Doomy nettles, arched brambles and ivy-engulfed trees rule the garden of Knight’s Fee, a sprawling Jacobean house that narrator Hassie Days, an illustrator, has just bought together with her financial sister, Margot. The house is in a village in the Welsh Marche and while Margot has moved to London it is up to Hassie to get her land back in shape.
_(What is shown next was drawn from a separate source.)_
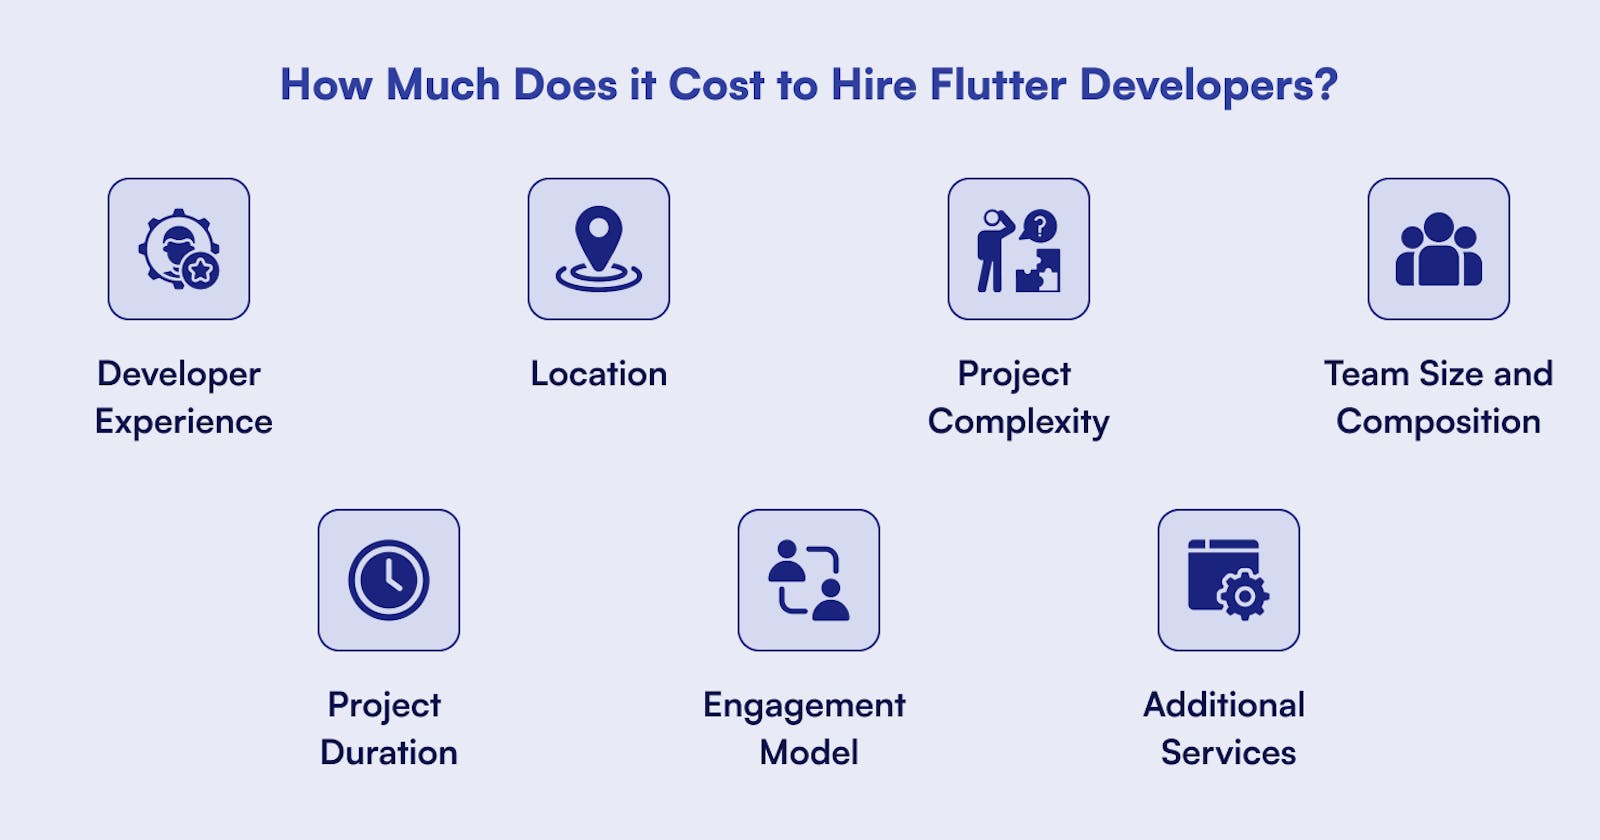 How Much Does it Cost to Hire Flutter Developers?

She is helped by an Albanian named Murat and as they work hard, the fog of sibling rivalry and a love affair she’d rather not remember dissipates, leaving her freshly receptive to the mysteries of her new home. . Imbued with the redemptive power of place, Salley Vickers’ 11th novel is a green-fingered hymn to regeneration, both rigorous and charming.

Richard fortey
HarperCollins, £ 9.99, pp352 (brooch)

What makes a scientist? This is a question that is particularly compelling in a world that insists on segregating practitioners of science, hooking them with notions of genius and eccentricity. Renowned naturalist Richard Fortey investigates by rethinking his own life, gradually crafting an exuberant memoir that celebrates a post-war British childhood spent brewing mythical stinks, hunting for fossils and searching for mushrooms. The answer? Curiosity for his beloved nature, yes, but also an omnivorous and persistent appetite for painting, poetry and esoteric choral music.